Weeds are a nuisance for everyone, from farmers to homeowners. They can take over gardens, fields, and even lawns, and they can be difficult to get rid of. Traditional methods of weed control, such as herbicides, can be harmful to the environment and can also leave residues in the soil.


But there is a new way to kill weeds that is more precise, effective, and environmentally friendly: laser weed control. Laser weed control uses a high-powered laser beam to vaporize the water in the weed's leaves, killing the plant instantly. Laser weed control has a number of advantages over traditional methods of weed control. First, it is very precise. The laser beam can be targeted to kill only the weeds, leaving surrounding plants unharmed. This is important in areas where crops or other plants are growing.


Second, laser weed control is very effective. The laser beam vaporizes the water in the weed's leaves, killing the plant instantly. This is much more effective than herbicides, which can take several days or even weeks to kill the weed.

Third, laser weed control is environmentally friendly. The laser beam does not release any harmful chemicals into the environment. This is important for farmers and homeowners who are concerned about the environmental impact of herbicides.


Fourth, laser weed control is easy to use.
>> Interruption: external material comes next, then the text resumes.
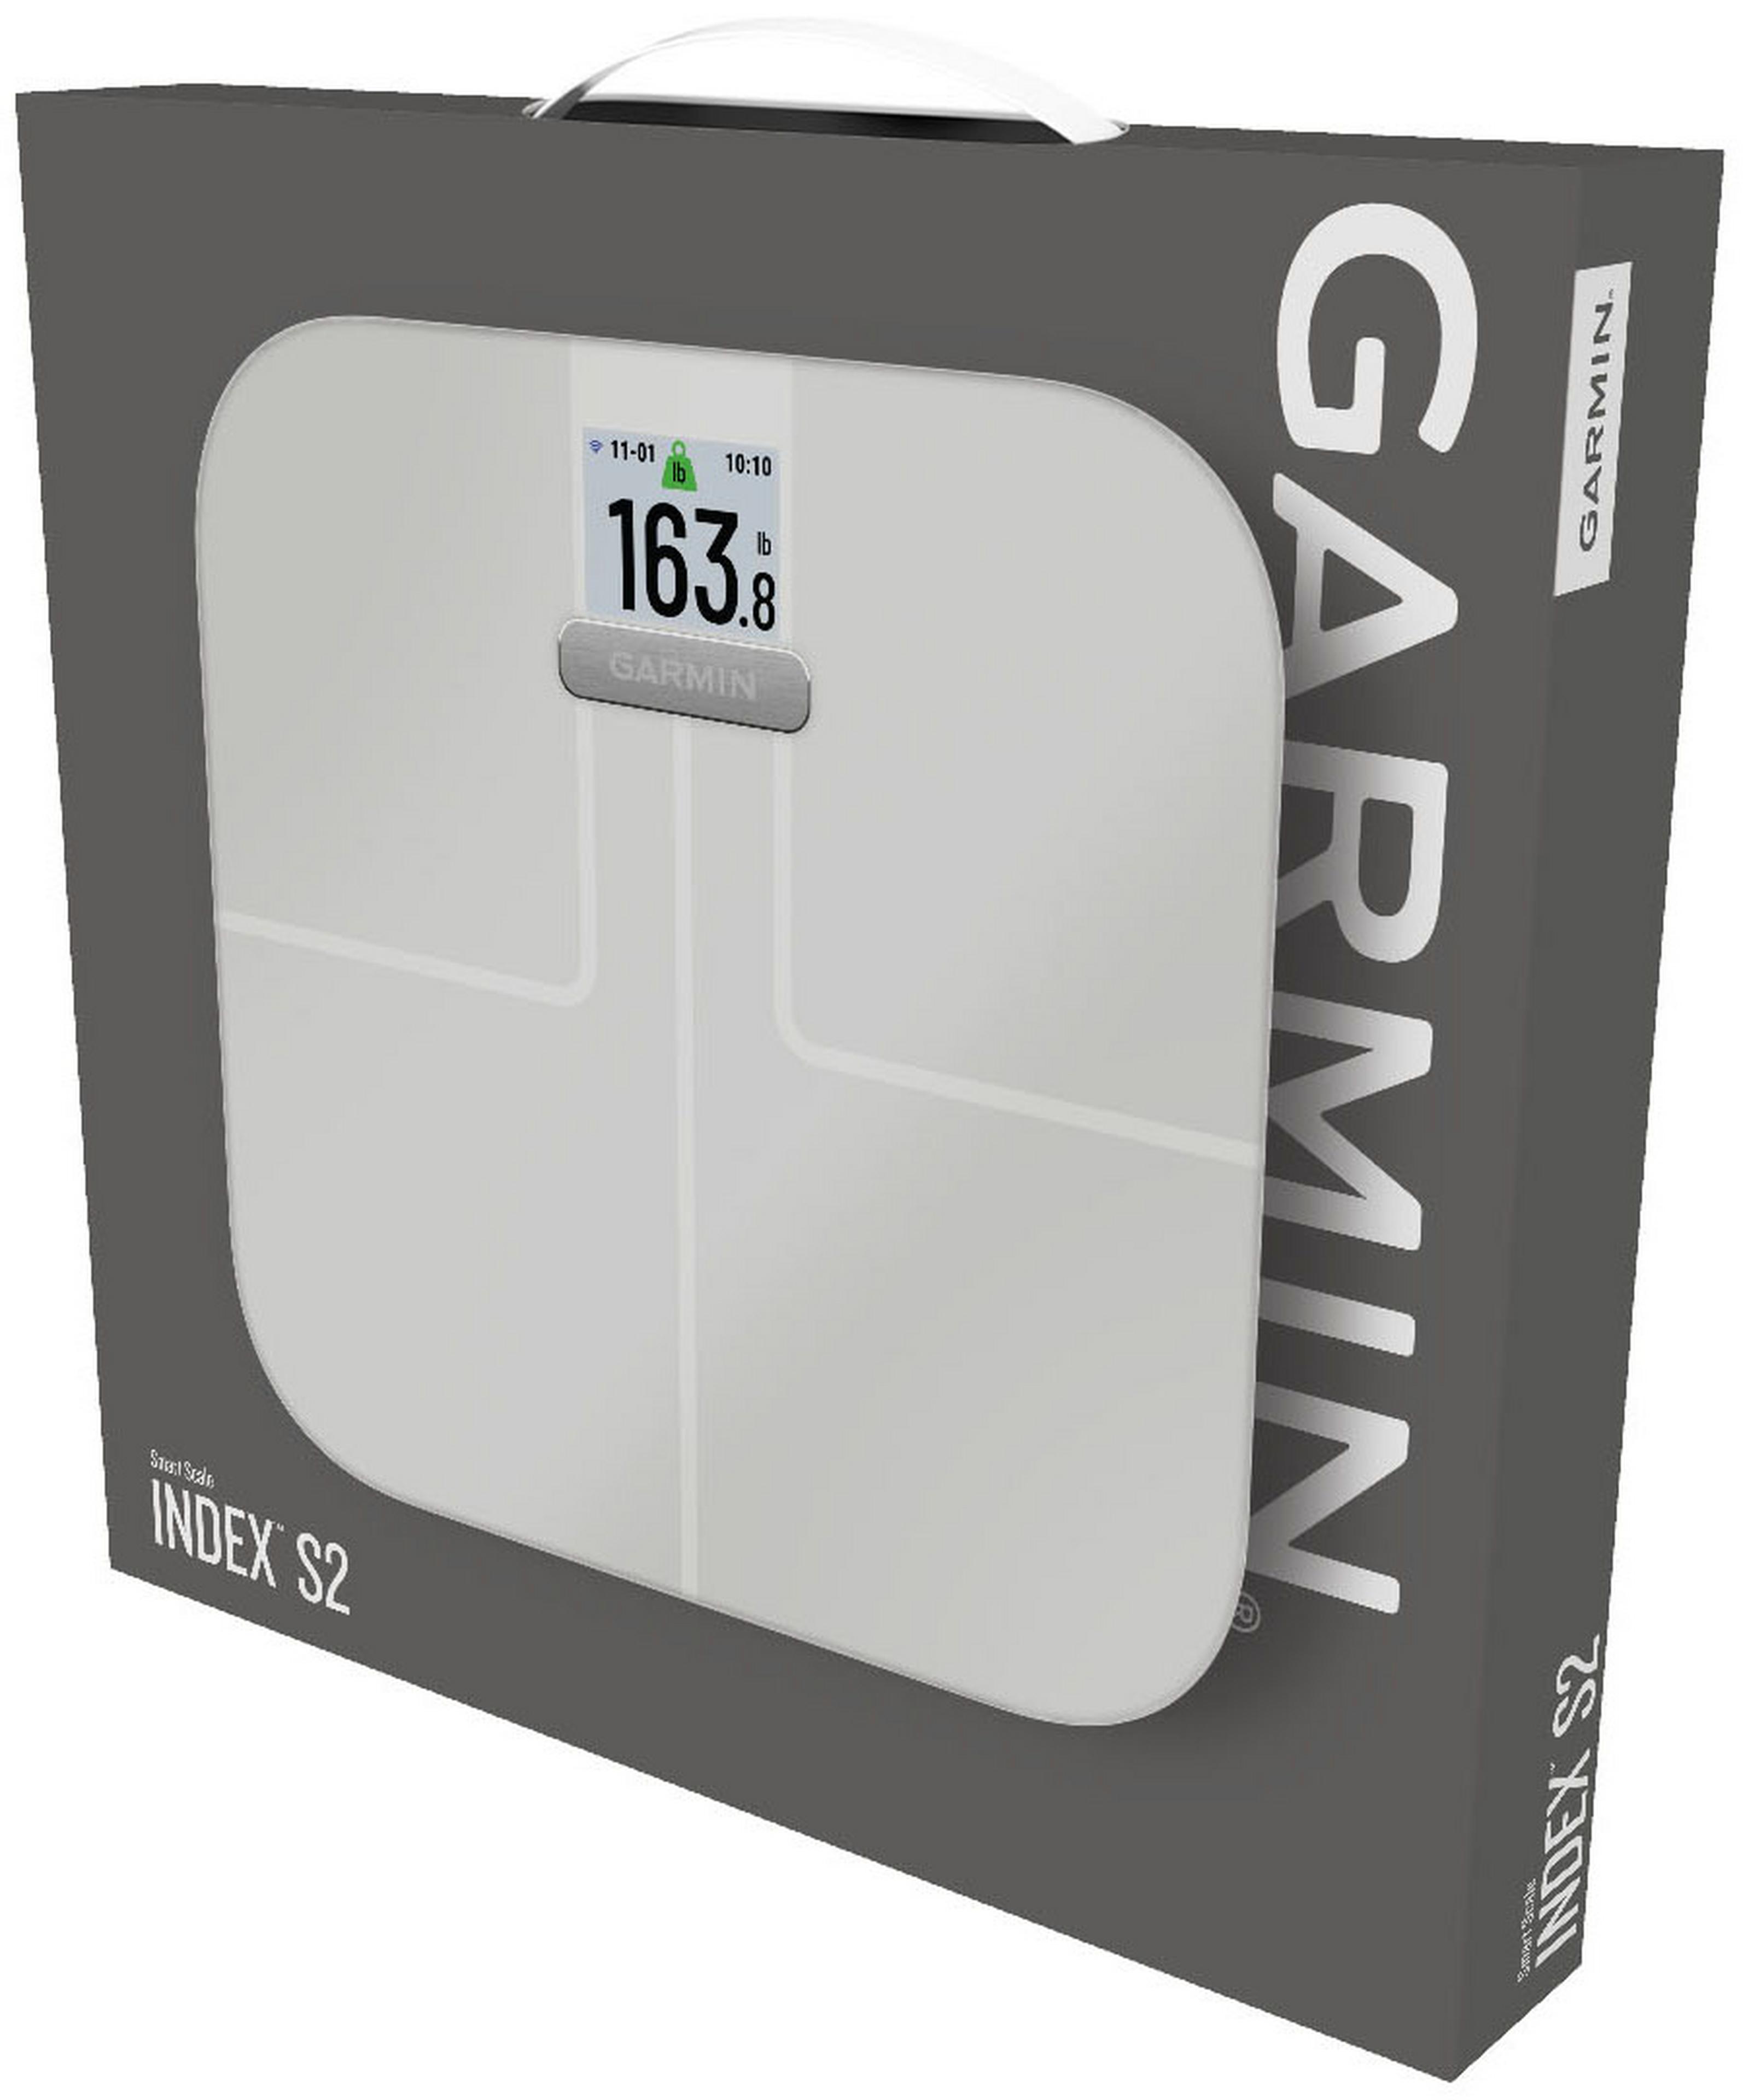 Garmin Index S2 Smart Scale - Black

The laser weed control system is operated by a computer, which makes it easy to target the weeds and kill them quickly and efficiently.


Fifth, laser weed control is cost-effective. The initial cost of the laser weed control system is high, but the long-term savings on herbicides can make it a cost-effective investment.
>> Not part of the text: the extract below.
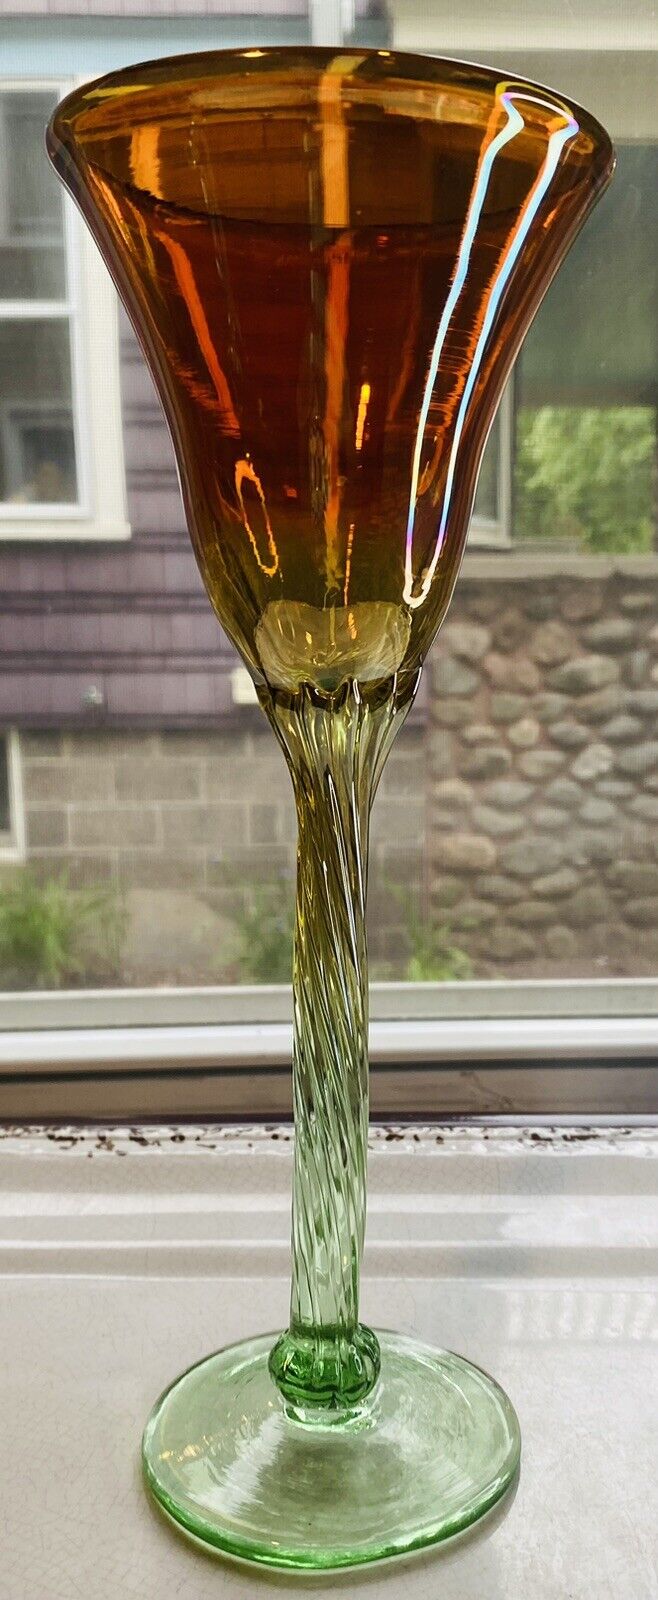 Rick Strini Iridescent Tulip Wine Glass Orange Green Twist Stem Signed Art Glass

If you are looking for a more precise, effective, and environmentally friendly way to kill weeds, then laser weed control is the answer. Contact your local agricultural extension office to learn more about laser weed control and to find a qualified contractor to install a laser weed control system on your property.


Here are some additional benefits of using laser weed control:

  • It can be used in a variety of settings, including commercial farms, residential gardens, and greenhouses.

  • It is effective against a wide variety of weeds, including annuals, perennials, and grasses.

  • It can be used in all weather conditions, except for heavy rain or snow.

  • It is easy to maintain and operate.


If you are looking for a safe, effective, and environmentally friendly way to control weeds, then laser weed control is a great option.


Tagged: Garlic, farmer, laser, agriculture, chemical, chemicals, crops, farm, farmer, farming, herbicide, carbon dioxide, lasers, weeding, weeds





www.groeat.com
garlic farm holding garlic bulbs

www.groeat.com
Automated Farm Lasers and Tesla Trucks


Mr. Jere Folgert is the owner of GroEat Garlic Farm in Bozeman, Montana. GroEat Farm is a small, sustainable family farm located in the beautiful Hyalite Foothills, in the shadows of the Gallatin Mountain Range. The hardneck varieties that they grow on their farm flourish, due to the combination of the very cold winters, heavy snowpack, moist spring, temperate summers, and the nutrient-rich and dynamic alluvial soils, washed down from the Gallatin Mountain Range.